# Safety Power Tool Switch



## kmcbride21 (Nov 12, 2009)

Hello, all. I am currently working on building my own router table. I just picked up a Dewalt DW618PK this past weekend, but haven't had a chance to use it yet. This is to replace an older Craftsman router that locked up on me.

My question is in relation to the Rockler "Safety Power Tool Switch". Does anybody know the approximate dimensions of this switch? I have almost completed my drawing in Sketchup and showed it to a buddy of mine. His first comment was "where is the switch"? I don't know how I forgot the switch! Now I must change some of my design, and need the dimension, as this is the switch I'm planning on using.

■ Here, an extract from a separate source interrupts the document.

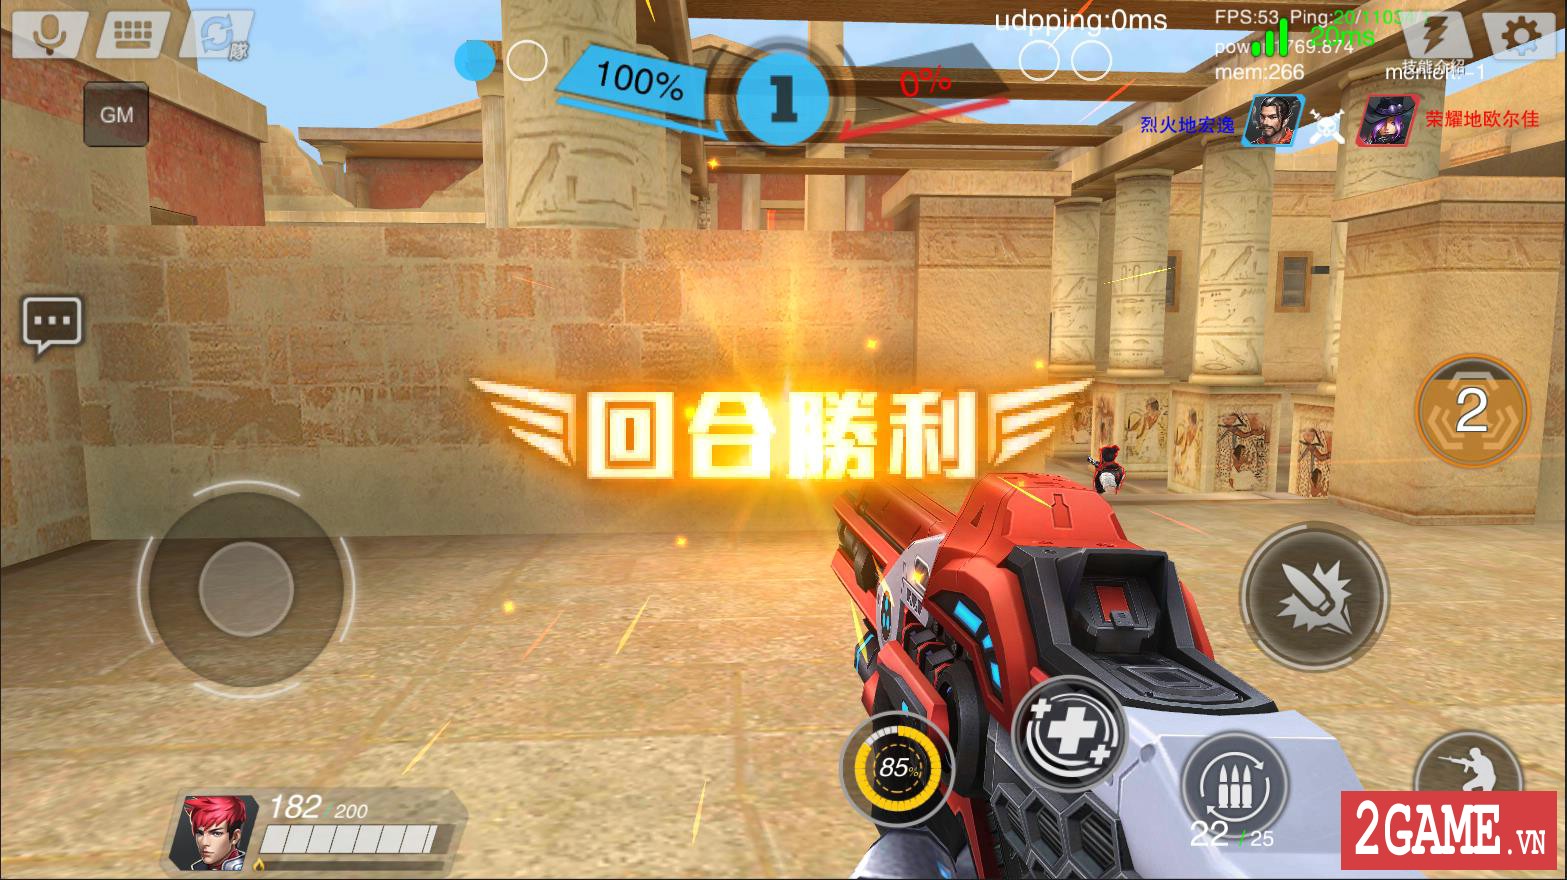 2game-dac-cong-anh-hung-mobile-4.jpg (1567×880)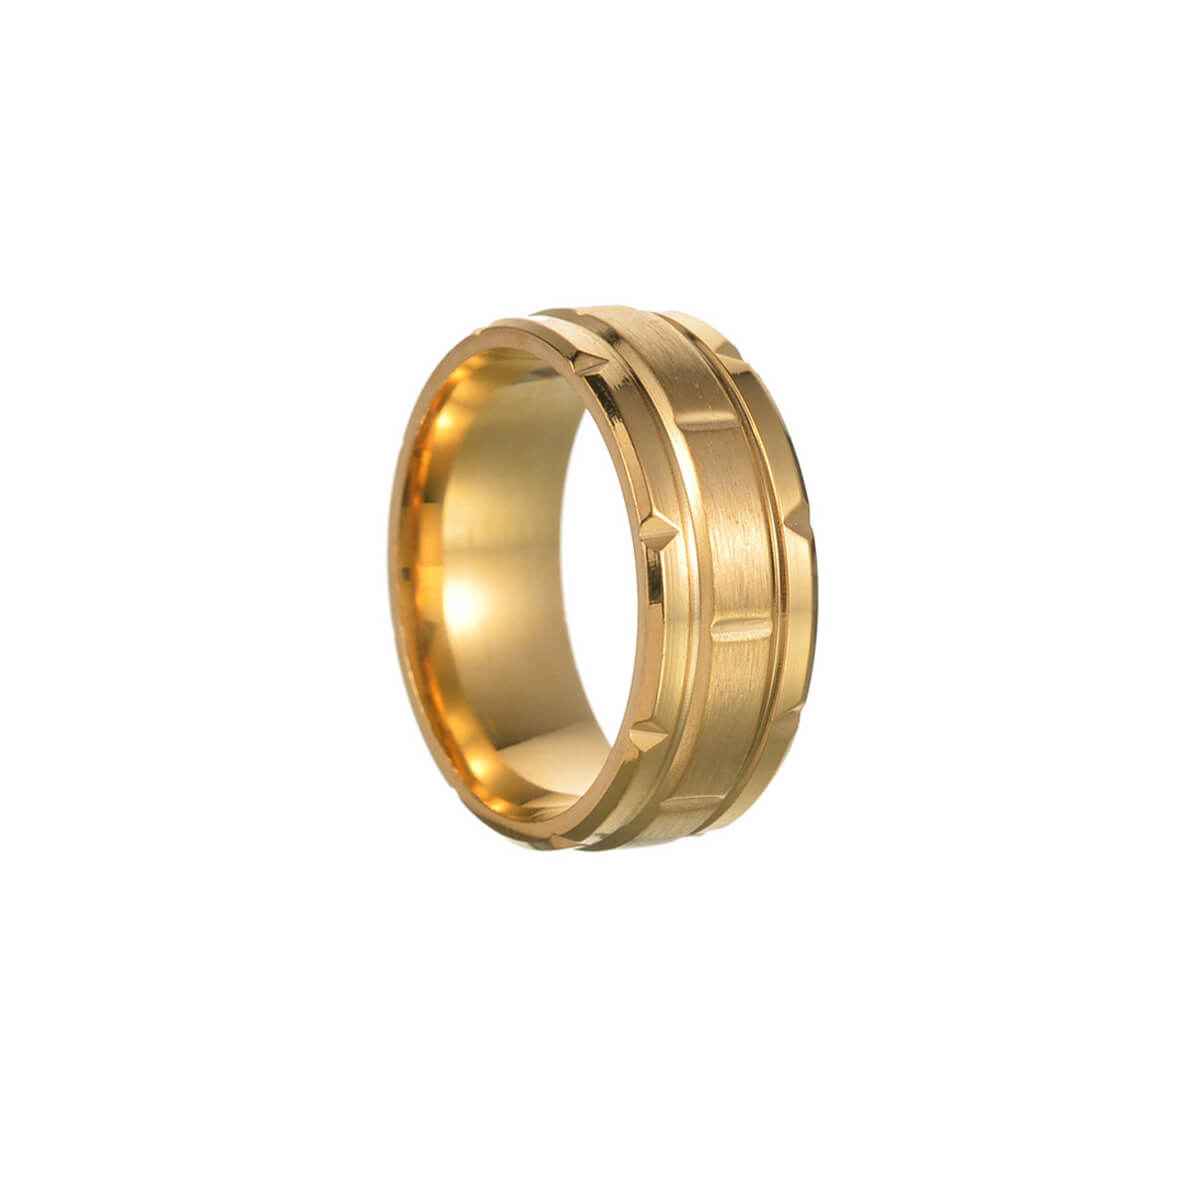 Textured steel ring 8mm gold plated (steel 316L)

Thank you. I have already learned a great deal by reading the posts.


----------



## bobj3 (Jan 17, 2006)

Hi Keith

The best "Safety Power Tool Switch" is one the router came with it 

The power plug, once it's pulled it can't run  no how no way and it's so easy to use, no tools needed to install it, you just need to put in a outlet right on the cabinet so it's very easy to get to 

Like they say RTM ,they state that in a every manual, PULL THE PLUG...anytime you work on it..

=========


kmcbride21 said:


> Hello, all. I am currently working on building my own router table. I just picked up a Dewalt DW618PK this past weekend, but haven't had a chance to use it yet. This is to replace an older Craftsman router that locked up on me.
> 
> My question is in relation to the Rockler "Safety Power Tool Switch". Does anybody know the approximate dimensions of this switch? I have almost completed my drawing in Sketchup and showed it to a buddy of mine. His first comment was "where is the switch"? I don't know how I forgot the switch! Now I must change some of my design, and need the dimension, as this is the switch I'm planning on using.
> 
> Thank you. I have already learned a great deal by reading the posts.


----------



## Mike Wingate (Apr 26, 2009)

I do like a switch than can be turned off easily. I have a few footswitches at home, and everything in my school workshop has an NVR footswitch fitted.


----------



## Clouseau (Oct 12, 2009)

I have a few foot switches. I can unlug and move them to different equipment so I don't have to buy extra for equipment I seldom use. I also bought a few of the Grizzly paddle switches to install. They were 12.99 each but then you have to find a box deep enough to mount them. So far I think a 4 x 4 box with a drywall flange is the box I will try.


----------



## kmcbride21 (Nov 12, 2009)

*I like the idea of the Stop paddle*

That's the main reason I am interested in this particular switch, to be able to stop the router with my knee.


----------



## jlord (Nov 16, 2009)

kmcbride21 said:


> That's the main reason I am interested in this particular switch, to be able to stop the router with my knee.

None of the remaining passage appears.